The more ships call at a port that provides transshipment and related services, the more attractive that port becomes to other ships. It provides a degree of stickiness to a hub, but hub status is not permanent. If the quality of the services provided declines or prices are higher than those in competing ports, a big shipping alliance (three alliances are responsible for 80% of the container traffic) may pull back leading to the unravelling of hub status. One of the reasons Colombo is a preferred port for shipping alliances is its turnaround time: how quickly can a ship leave the port after unloading/loading. It is behind Singapore and other leading ports, but quite a bit ahead of Indian and Bangladeshi ports. However, the strikes that were launched before the elections on political matters unrelated to working conditions may be putting Colombo’s reputation at risk.

Alternatively, a government decision based on geo-political considerations may trigger the process. Especially before elections, Indian politicians come up with plans to build ports in the south of India that will create new employment and business opportunities and ‘save’ the $ 100 per container they claim goes to Colombo for transshipment. But the more real danger is the significant Chinese stake in Colombo Port which may be seen as a strategic vulnerability in the context of the simmering tensions between India and China. The Port of Colombo, which is dependent on transshipment business from a single country, is especially vulnerable in this regard.

Geopolitics

Even if one focuses solely on the Port of Colombo, the geo-political factors loom large. The largest terminal is owned and operated by a Chinese company. The refuelling of Chinese submarines in the port in 2014 was source of serious friction. The tensions between India and China are at a historical high currently. In this context, a decision to give an Indian company a stake in the ECT, and thereby in the success of the Port of Colombo, would give comfort to the securitywallas in New Delhi. It makes eminent sense in terms of safeguarding Colombo’s hub status and revenue stream. Whatever decision is taken about ECT will be interpreted in a larger context. Prime Minister Mahinda Rajapaksa has asked India to withdraw its interest in the under-utilised and money-losing eponymous Airport located in Mattala. The government is also reported to have asked India to give back the rights to the unused but controversial oil tanks in Trincomalee. The Indian government is likely to connect the dots in ways that reinforce the perception that the Rajapaksas are tilting toward China.

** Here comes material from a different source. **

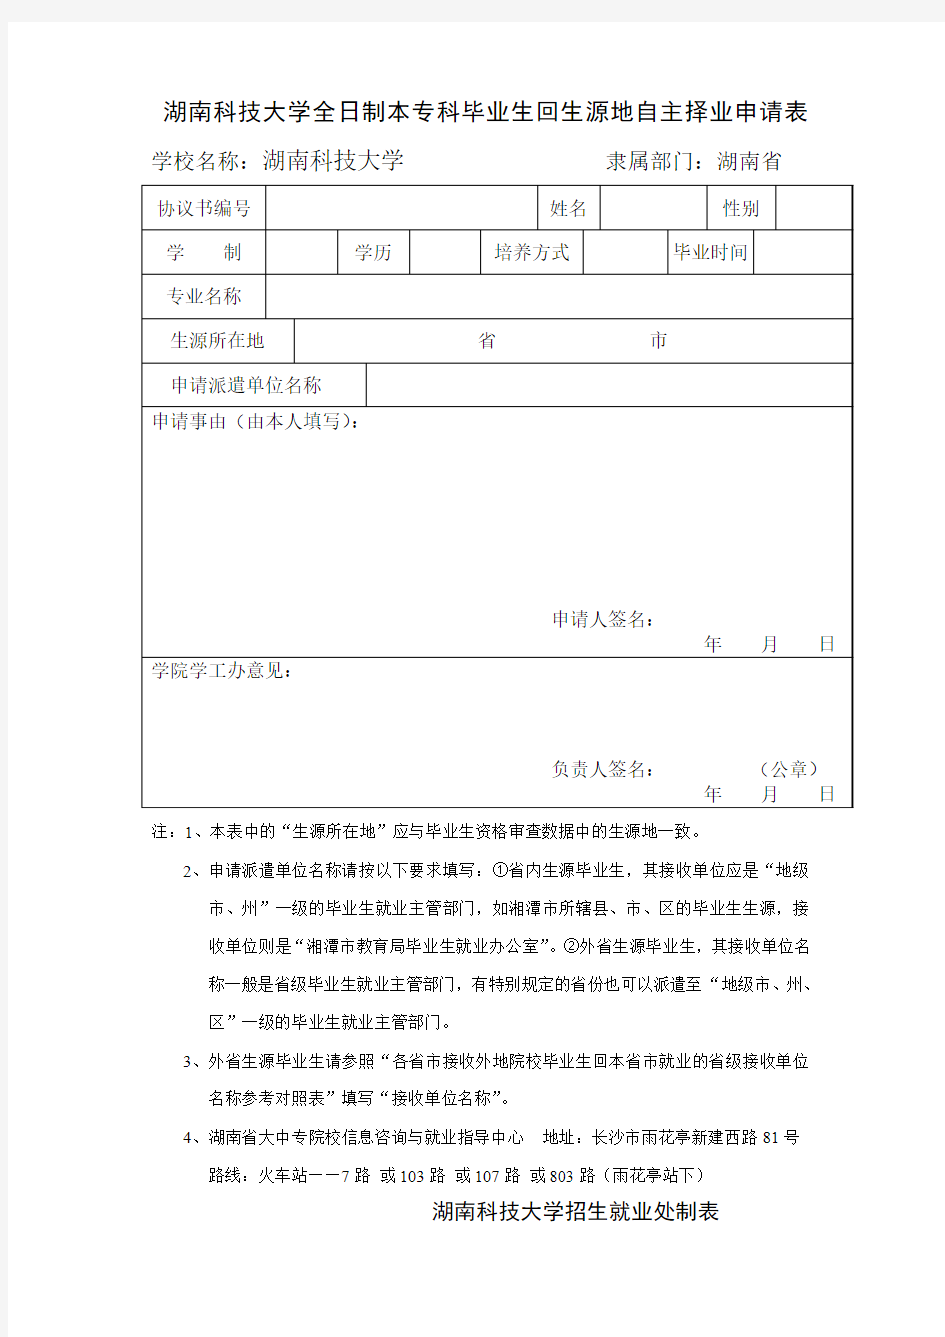 湖南省普通高校毕业生和毕业研究生就业调整改派申请表

But what about not selling national assets?

The land and the location are not sold. The port continues to be owned by the SLPA. It is simply one section of the south harbour that is to be concessioned out for a defined period for a specified purpose to a consortium that will also include the SLPA. The land by itself does not produce value. Value is produced when the right kinds of investments (including the right kinds of gantry cranes, not what were ordered for a different location) are made and the right kinds of services at appropriate levels of quality are supplied. Because of the relative power of shipping interests, it is now common practice to allow shippers to have stakes in terminals. This is the case even in the highly efficient state-owned Port of Singapore.

For over two decades, parts of the Port of Colombo have been privately operated based on long-term contracts. Some of the members of the consortium that invested in SAGT in 1999 are foreign. CICT, the terminal showed the best performance, is at $ 600 million, one of the largest Chinese investments. It has been operational since 2013. The relationships leveraged by those companies and the efficiencies they have introduced have contributed to the Port of Colombo flourishing even when the Indian economy slowed down.

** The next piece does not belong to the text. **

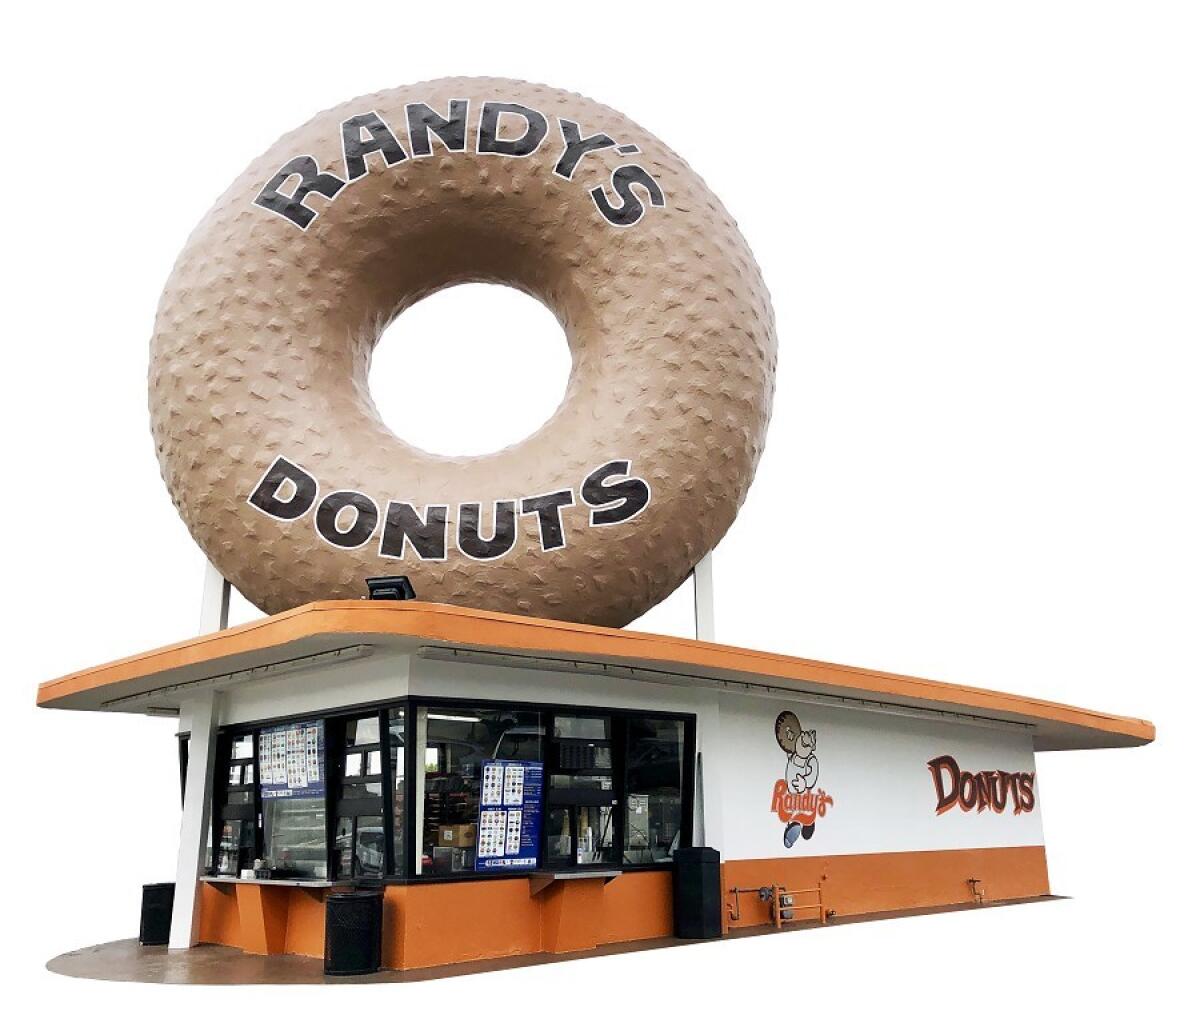 The original Randy's Donuts shop in Los Angeles.

This experience alone should give comfort to those concerned about foreign investment in Sri Lanka’s infrastructure. The land is here, the millions of dollars in investment is fixed to that land and cannot be taken away, and the market relationships and skills the investors have brought have caused the entire port to improve. Sri Lanka earns from the export of port services, those who work for the partially foreign-owned companies make a good living, they all pay taxes, and the national economy benefits by having the 25th largest port in the world with direct sailings to key markets. A true patriot will understand that foreign investments in commercial enterprises are superior to foreign loans. In the former, the risks are shared. If the investment does not make profits, the foreign investor too is out of pocket. Thus, the investor has the incentive to make the business succeed. This is not the case when loans are taken to build and operate infrastructure on our own to satisfy some atavistic yearning. With loans, the risks are all on our side. Whether the business succeeds or not, the loan must be repaid. If something goes wrong, as has been repeatedly the case with the Norochcholai electricity generators built with Chinese loans, The China Ex-Im Bank does not suffer. Only we do.

So, a true patriot will not only understand the nature of modern port operations and the difference between loans and investment. She will also understand the geopolitical context and support the taking of precautionary measures to build the confidence of major actors such as India who can easily stymie efforts to advance the well-being of our citizens and reduce the harms that may befall them. A true patriot will support the government in its efforts to honour legal commitments and strengthen Sri Lanka’s most important relationship, that with our giant and proximate neighbour.

Rohan Samarajiva is founding Chair of LIRNEasia, an ICT policy and regulation think tank active across emerging Asia and the Pacific. He was CEO from 2004 to 2012. He is also an advisor to the Advocata Institute.

Can the ECT buoy the Colombo Port?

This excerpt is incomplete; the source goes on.